The Moment When You Realize You Don’t Know What the Organizations You’ve Been Funding Actually Do

Photo credit: Bill McChesney, CC BY 2.0.

So here’s how I decided where to make my donation, in response to the Charlottesville white nationalist rally:

  1. I could have donated to one of the GoFundMes, but even though I knew they were probably legitimate, I didn’t have time to research them thoroughly.
  2. I saw a lot of people suggesting that we all donate to the Albemarle-Charlottesville NAACP, and that was my initial instinct—but then I wondered if, instead of supporting just the NAACP, I should make a bunch of small donations to a lot of different organizations to cover, like, the breadth of Nazi hatred.
  3. That’s when I got the bright idea to donate to the ACLU Foundation of Virginia, because the ACLU helps everybody.

Which is how I ended up donating to the organization that sued the city of Charlottesville to ensure that this weekend’s rally was allowed to happen:

The American Civil Liberties Union (ACLU) of Virginia and Charlottesville-based Rutherford Institute issued a joint letter Tuesday, August 8, demanding that the city let white activist Jason Kessler hold his Unite the Right rally at Emancipation Park on August 12.

Charlottesville City Manager Maurice Jones announced Monday, August 7, that the city would only allow Kessler to hold the rally at McIntire Park. Officials have expressed concerns over logistics and safety as their reasons to move the event away from downtown Charlottesville.

Because the ACLU helps everybody.

I understand, on an intellectual level, the importance of ensuring free speech for all. But, on an emotional level, I am not ready to get behind this particular free speech activity.

And it made me think about how I have no idea what these organizations to which I’ve been donating actually do.

Even though I did come back and make a donation to the NAACP, for example, I don’t know what they do beyond the mission statement on their website. I don’t really know what the Southern Poverty Law Center does. I do know what Planned Parenthood does, and I don’t know if that’s because they provide a list of services that are easy to quantify or if it’s because I interact with more people who have used those services.

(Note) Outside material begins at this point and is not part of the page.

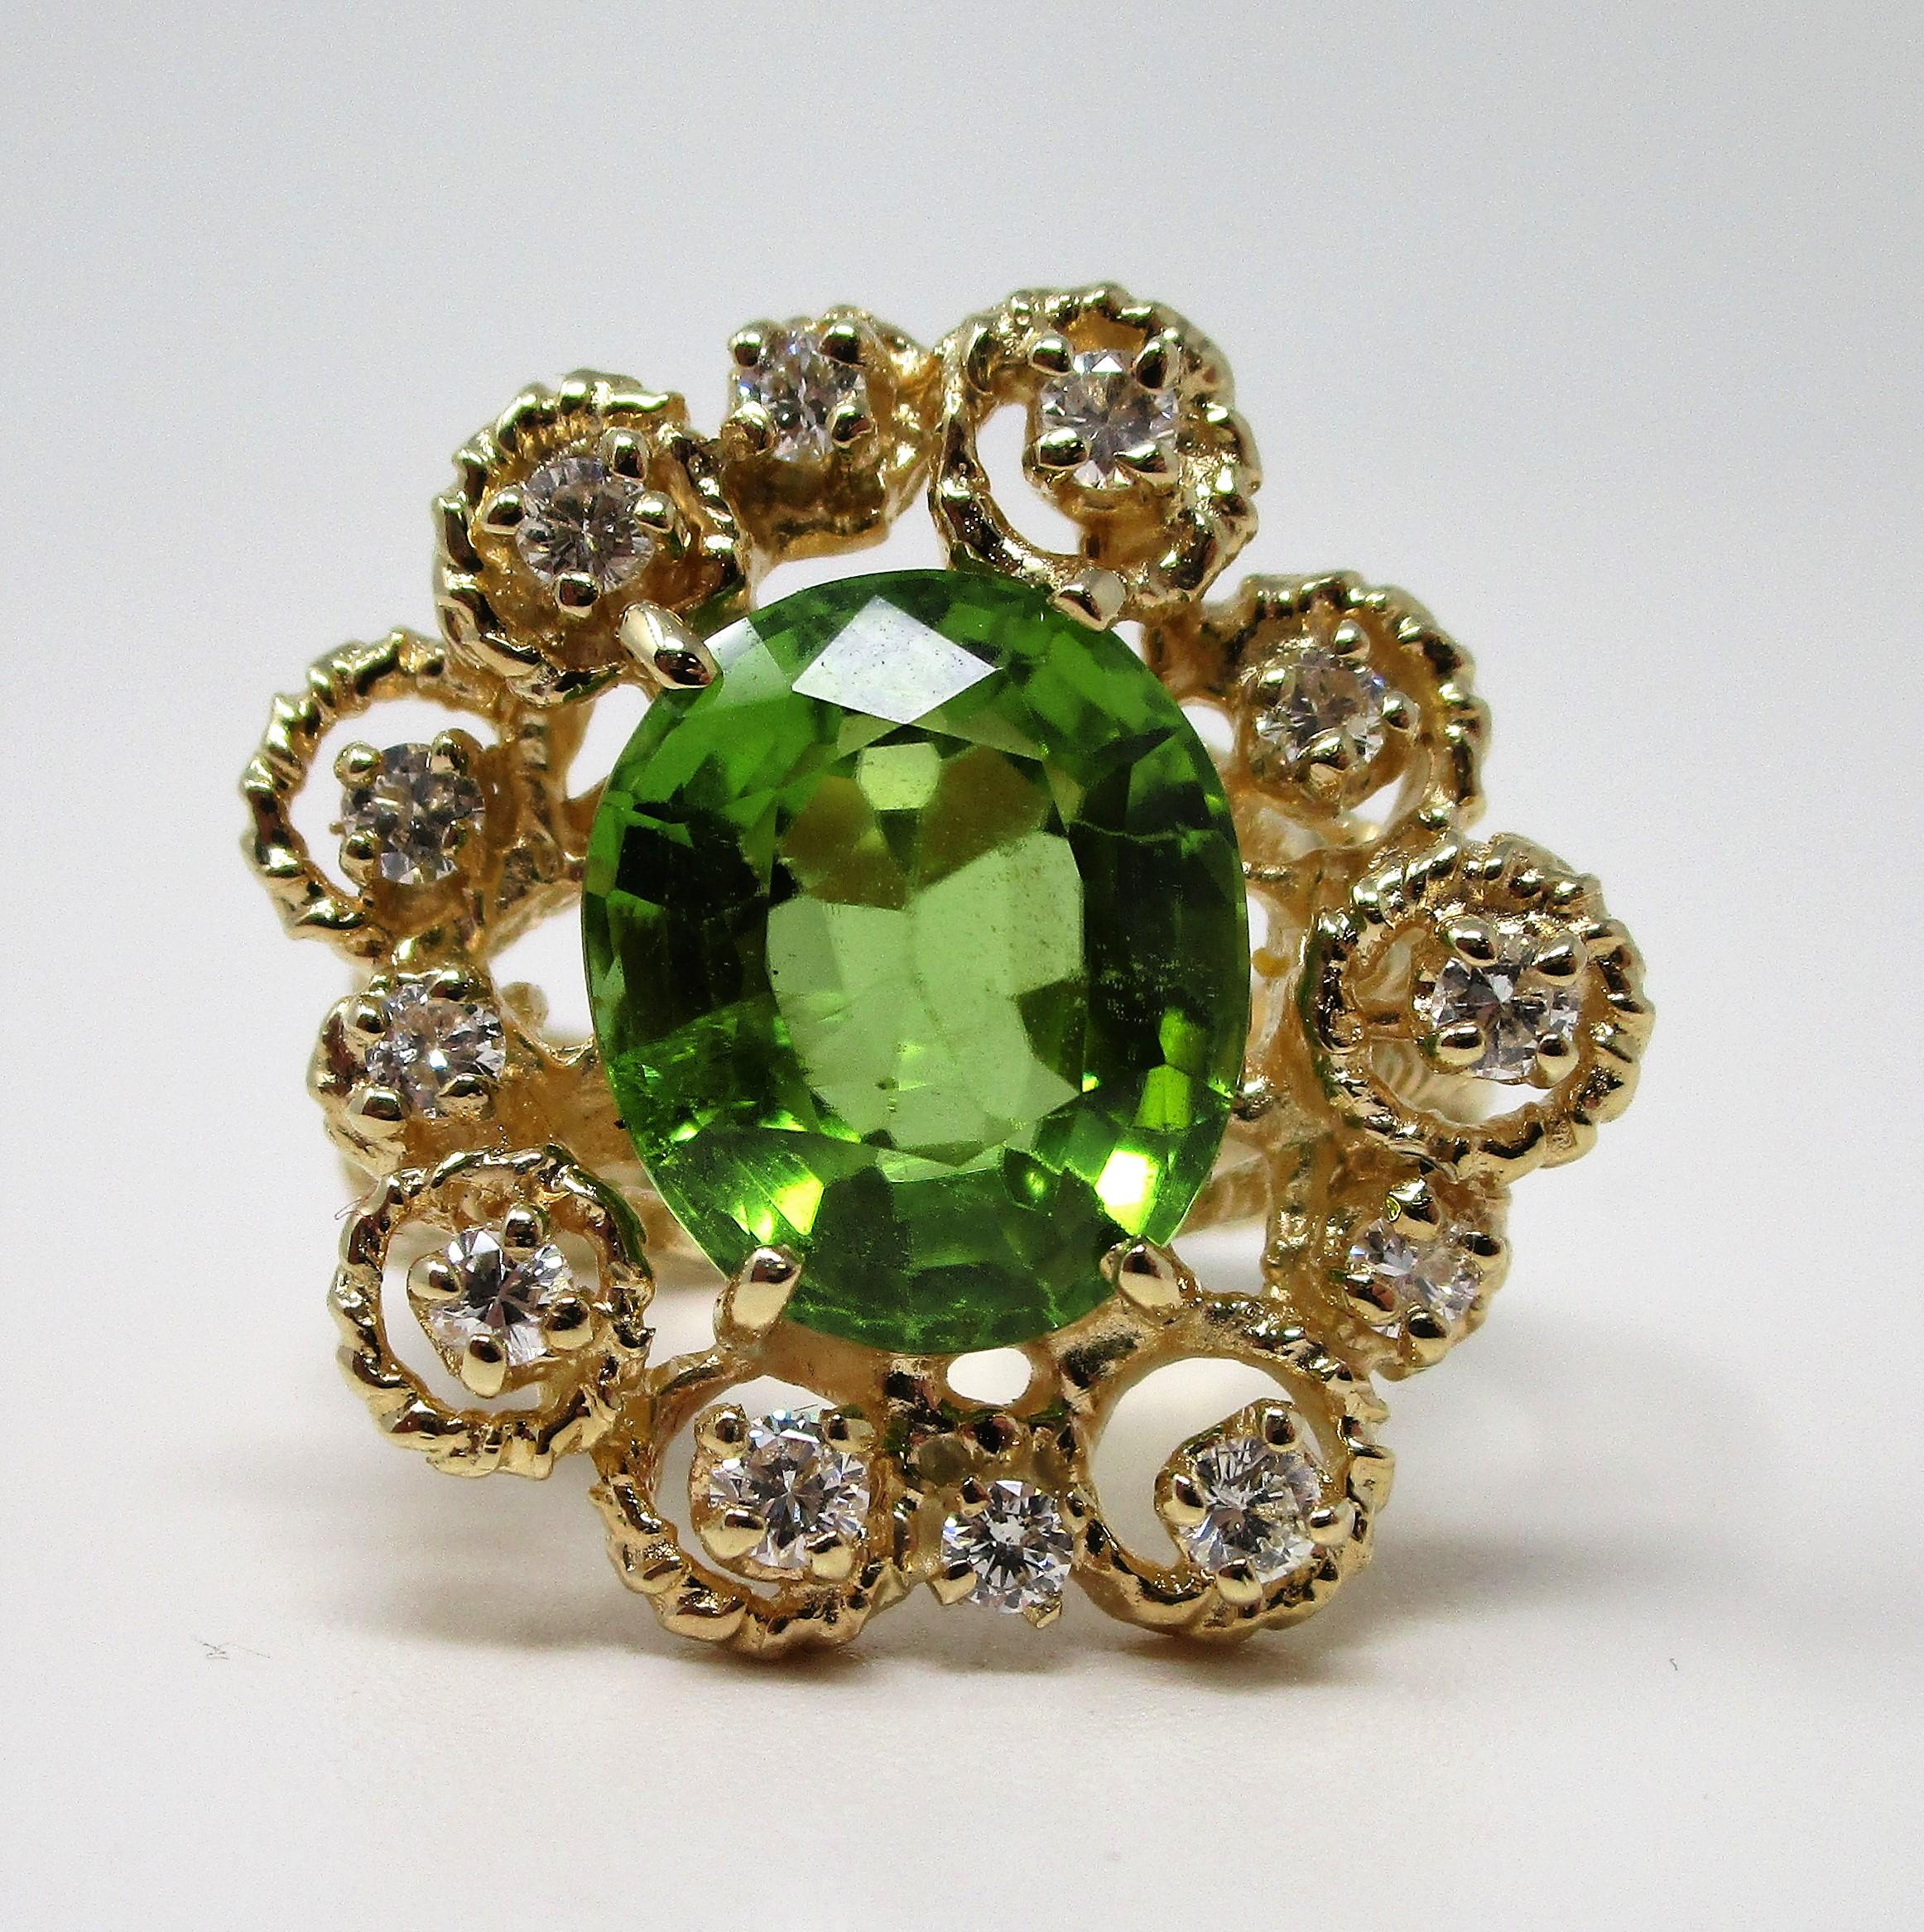 Wunderschöner Peridot von 5,52 Karat, umgeben von 0,50 Karat Diamanten in strukturiertem 14-karätigem Gelbgold.  Dieser fröhliche Ring wiegt 9,5 Gramm und hat die Größe 6 1/2.

It’s clear that I need to do a little more work before my next donation. Even if the ACLU of Virginia hadn’t sued to allow the rally to happen as planned—a rally which they have since publicly condemned—they still wouldn’t have been the right organization to support as a response to white nationalism. (“I would like to publicly state that I am against Nazis, so I’m going to stand up for… free speech and First Amendment rights.”)

I feel more than a little embarrassed that I didn’t think this all the way through before shoving my credit card number at the internet.